IPO Watch Europe 2011

IPO Watch Europe 2011 PDF downloadAdobe PDF Format

A positive start to 2011 followed by economic and political uncertainty

A bright beginning to 2011 proved to be something of a false dawn for the IPO market. A total of €16.3bn was raised in the first half of 2011 across the European markets compared to €10.2bn in the last six months of 2011 as markets failed to ignite after the summer as hoped, due to the heightened economic uncertainty in Europe.

The year was plagued by delays and postponements due to market volatility as a result of the Eurozone sovereign debt crisis. Nevertheless, some major floats took place in Europe, with London, Madrid and Warsaw all hosting high-profile IPOs.

A total of 430 IPOs across Europe raised €26.5bn in 2011, a 13% volume increase and just a 1% rise in money raised compared to 2010.

More than half of money raised in Europe, €14.1bn, was generated on the London Stock Exchange, despite London hosting only a quarter of the IPOs across Europe. London listings were dominated by companies in the natural resources sectors, which in total raised €8.2bn and accounted for 58% of transactions on the London Stock Exchange. Glencore, the commodities trader’s €6.9bn entrance into the FTSE 100, was the biggest deal in London bolstering IPO values in the Square Mile during 2011.

Global overview

In a year which saw serious threats to the stability of the Eurozone, the Arab Spring and the downgrade of the US credit rating by Standard & Poor’s, strain was put on global capital markets, disrupting the IPO plans of companies across all the major capital markets. This was evident in the market volatility indices in the US, the UK and Hong Kong, which hit two-year highs in August 2011.

Despite the turbulent market conditions, in the US a total of 134 IPOs raised €25.6bn compared to 168 float generating €29.1bn in 2010 (which also included the €11.6bn re-privatisation of General Motors). US IPO markets experienced a surge in activity in the first half of 2011 with the return of larger deals, including HCA Holdings and Kinder Morgan. The year finished strongly with the IPOs of Groupon, Michael Kors and Zynga boding well for 2012.

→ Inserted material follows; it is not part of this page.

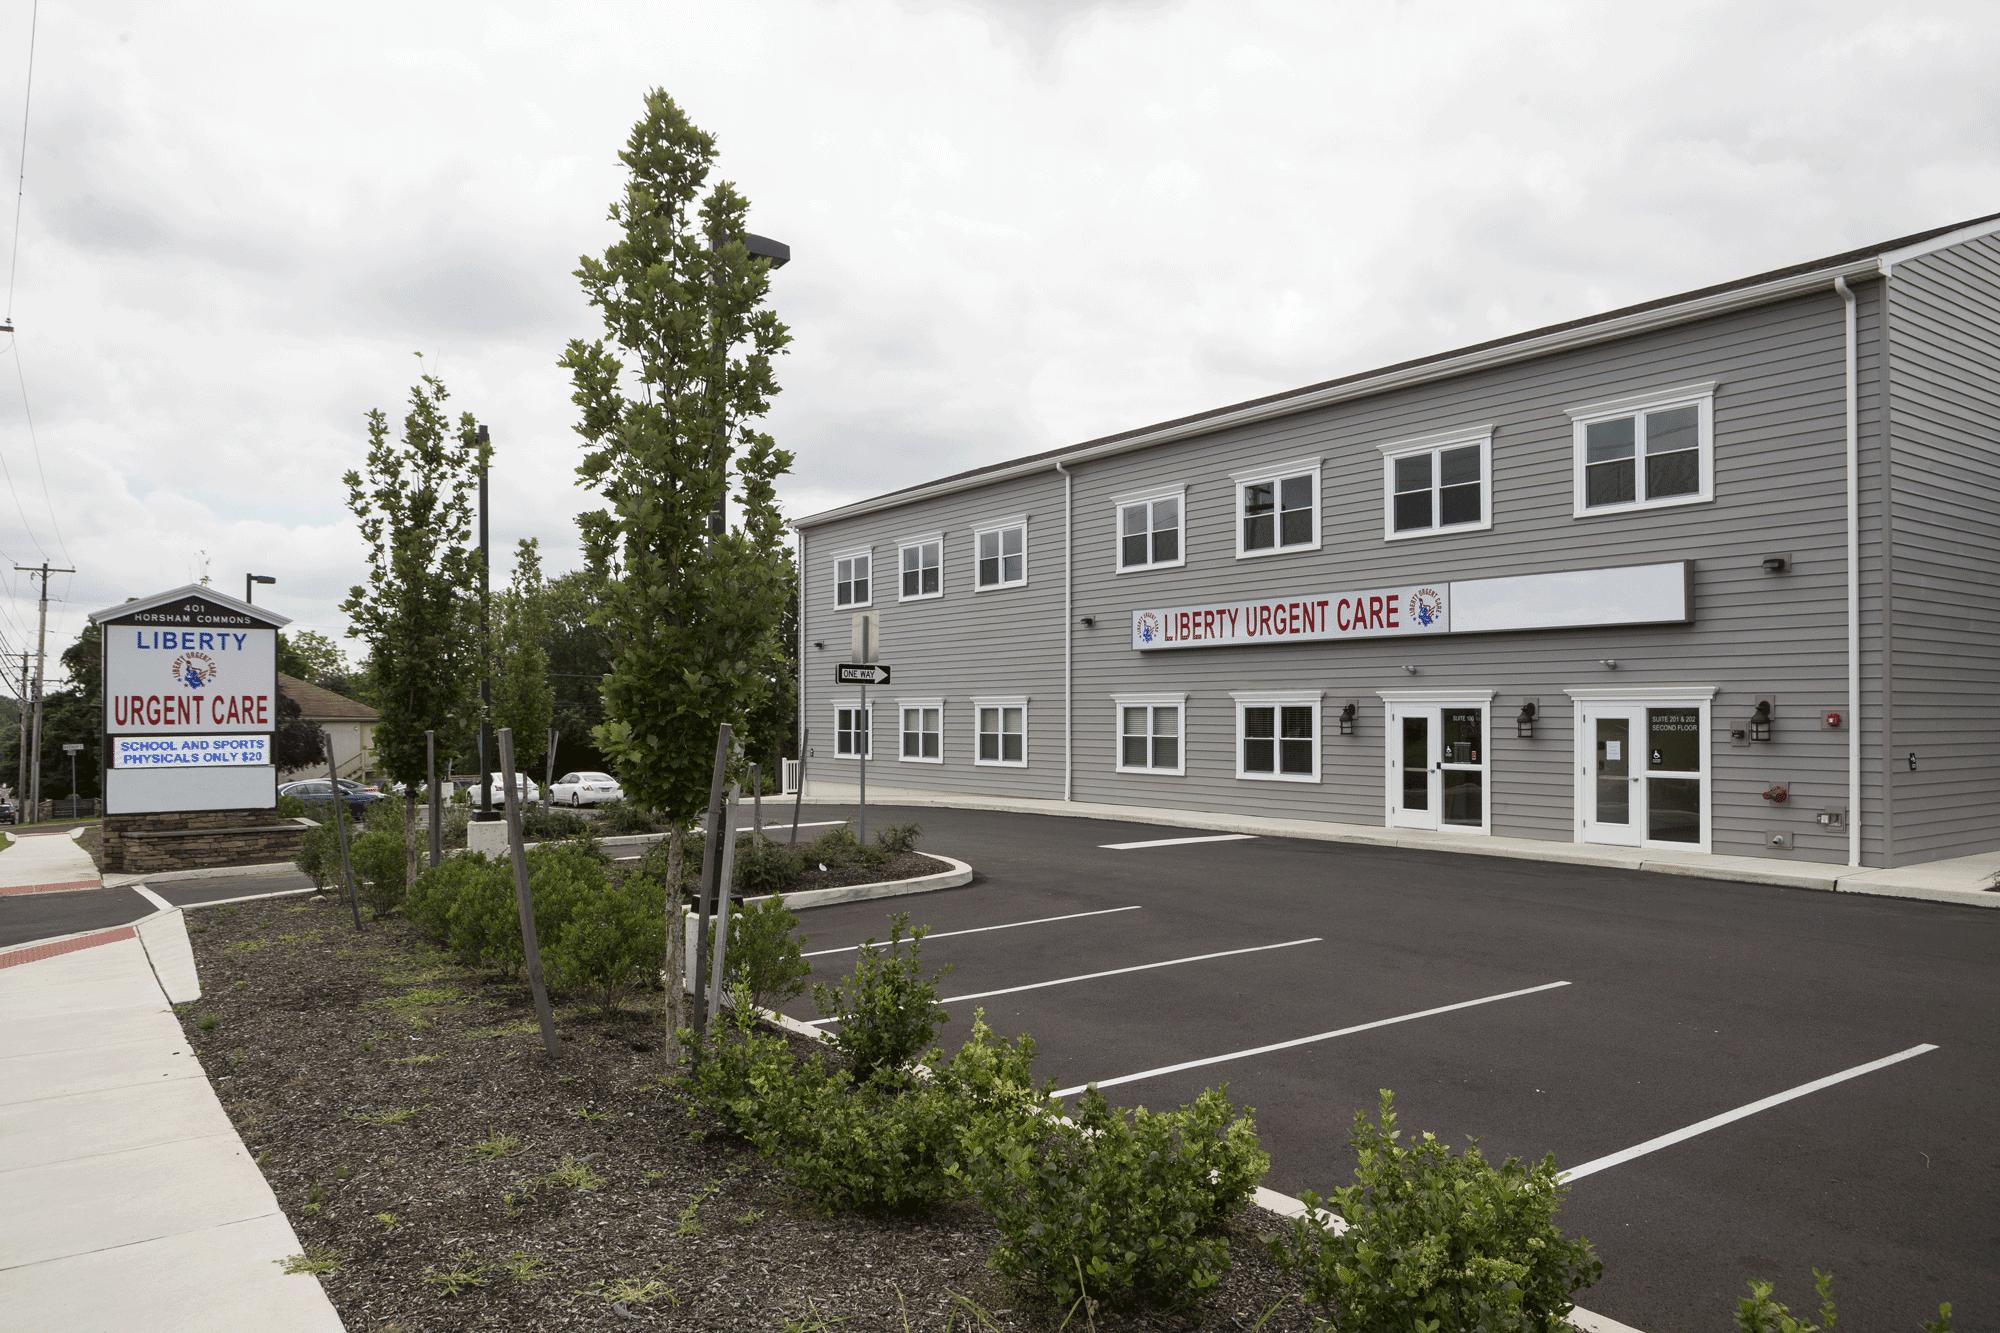 Liberty Urgent Care in Horsham, PA - building exterior

Greater China was the leading global IPO centre, hosting 420 IPOs and raising €57.2bn during 2011. However, this represented a 42% drop in value compared to 2010. Hong Kong continued to build its reputation as a ‘go to’ place for luxury brand IPOs and was given a further boost with a number of high profile companies coming to market including Prada, which floated in June 2011 raising €1.5bn.

Outlook for 2012

As 2011 drew to a close, the continued uncertainty of the Eurozone significantly disrupted the European capital markets. However, in the first few weeks of 2012, we have seen some optimism return for IPO prospects with the London IPO of Ruspetro and a spate of IPOs launching in the US, including the much publicised Facebook IPO. This reflects some easing of the tough market conditions that plagued the end of 2011 and has been further boosted by the rally in stock market indices around the world in early 2012.

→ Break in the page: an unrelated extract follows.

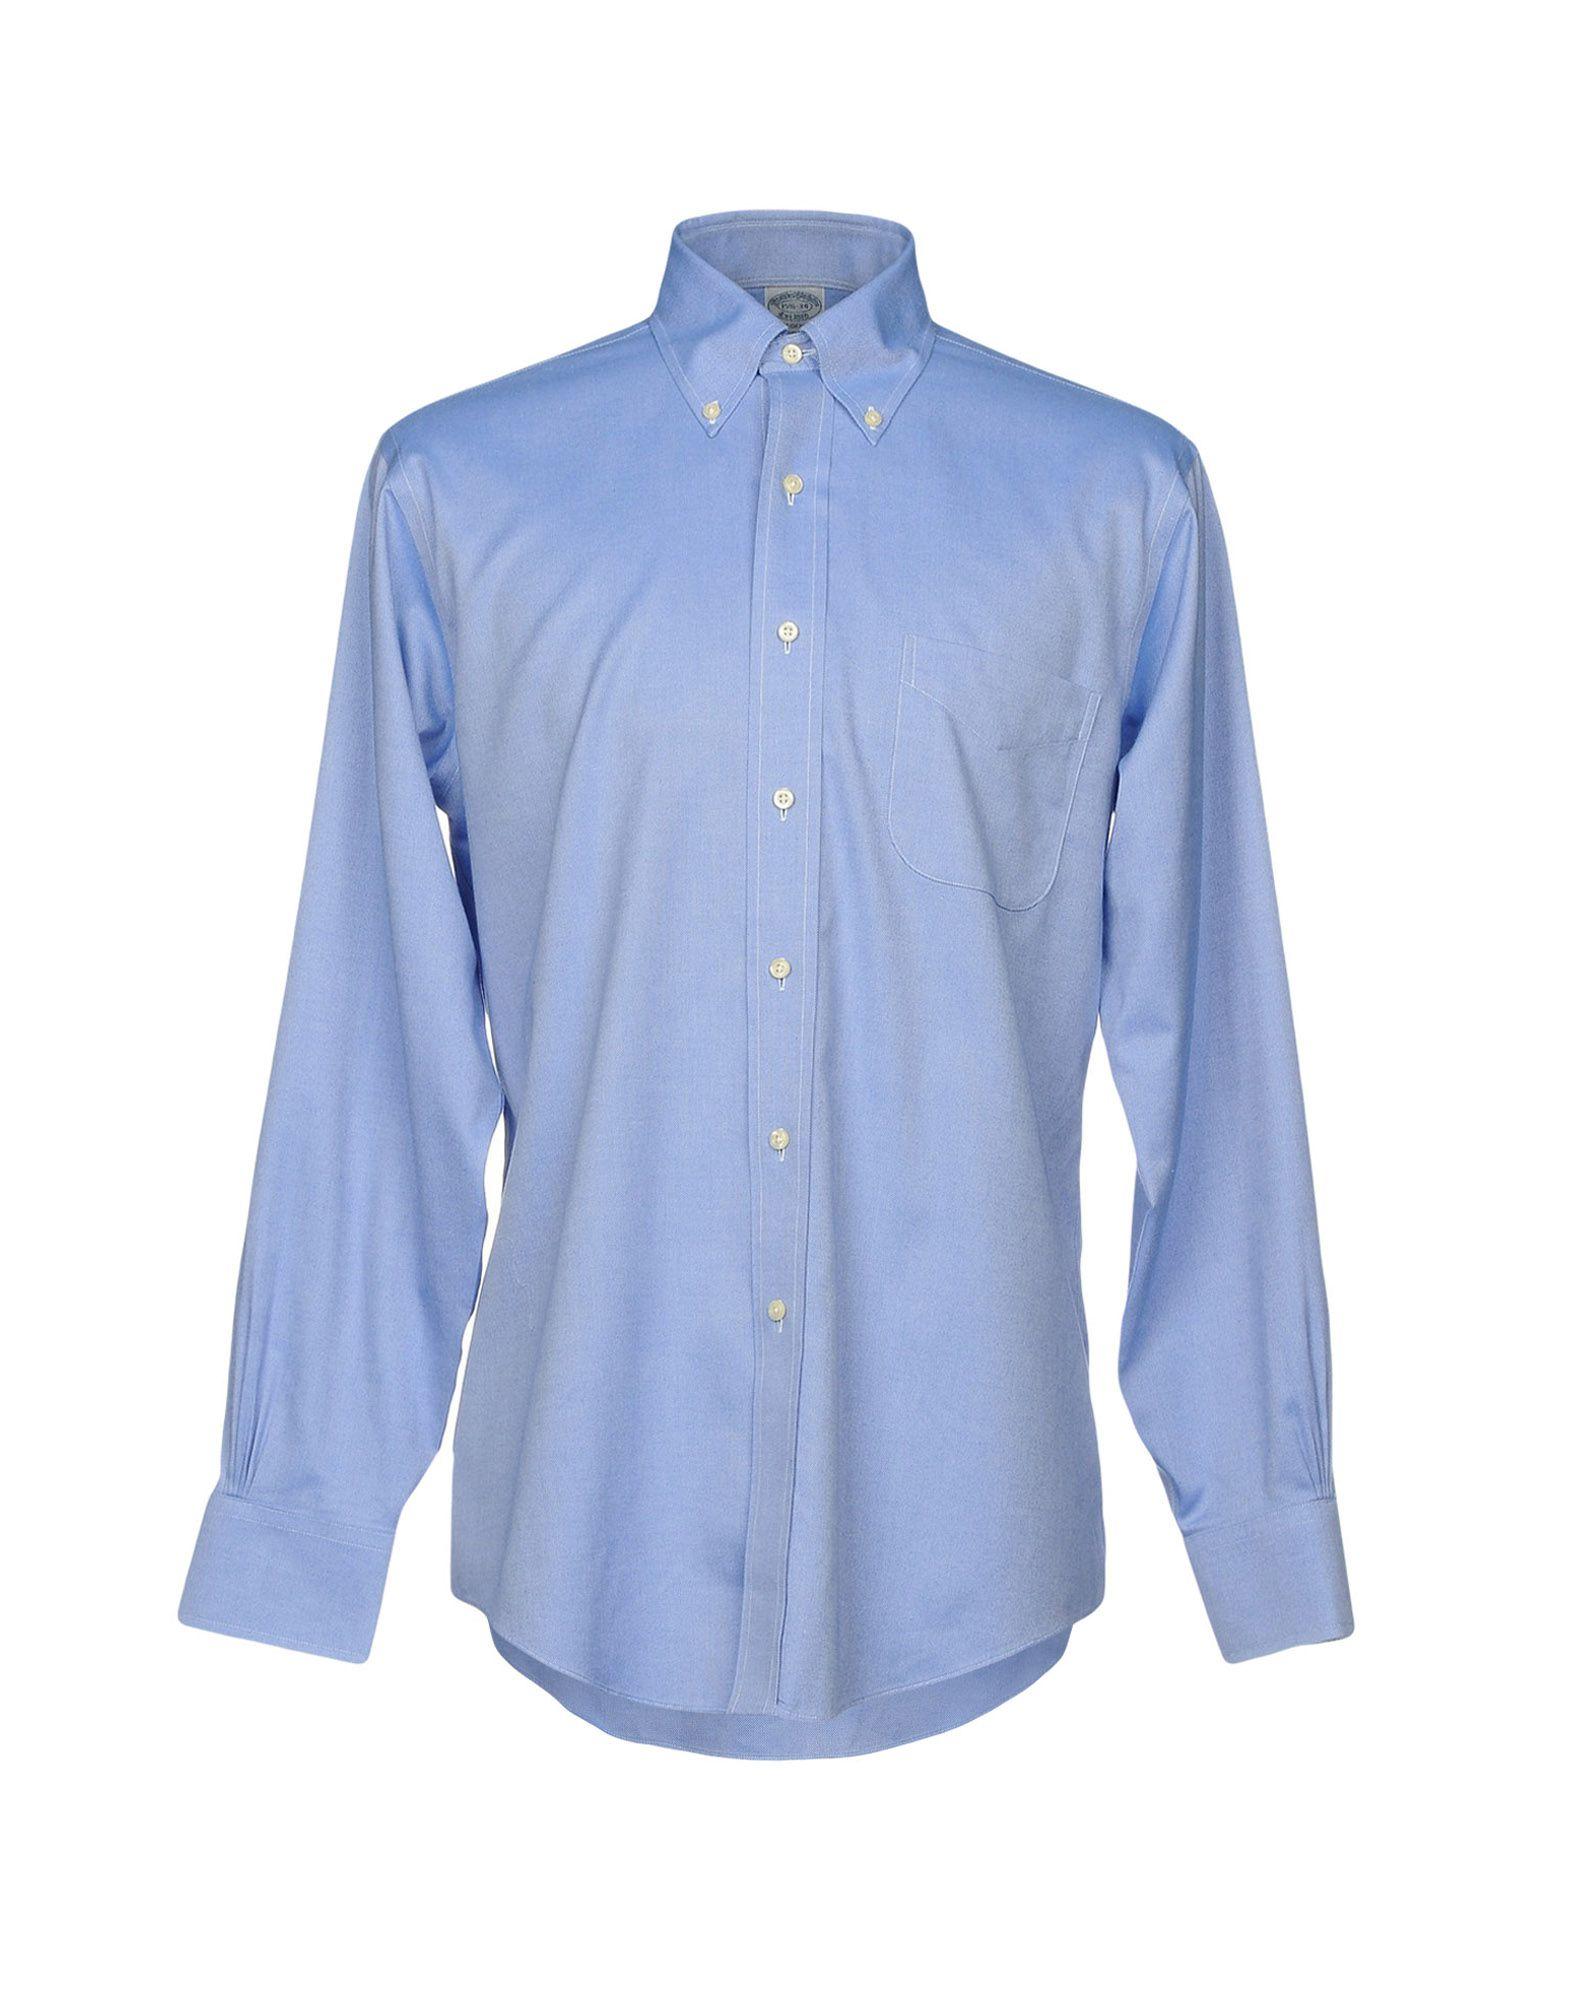 Camicia Tinta Unita Unita Tinta Brooks Brothers Uomo - 38720335OX a21c10

Whilst we expect market volatility to continue into 2012, there will be periods when market conditions will be favourable for IPOs. In this climate, companies will have to ensure that the groundwork is completed well in advance so they can be opportunistic should an IPO window open. Other lessons learned in 2011 include the need for selling shareholders to be realistic about company valuation and to ensure that the business is supported by a compelling equity story to attract potential investors.

Although there have been some encouraging signs at the start of this year, exactly when markets will pick up again is uncertain and the Olympics may be well under way by the time the IPO market gets out of the starting blocks and into its stride.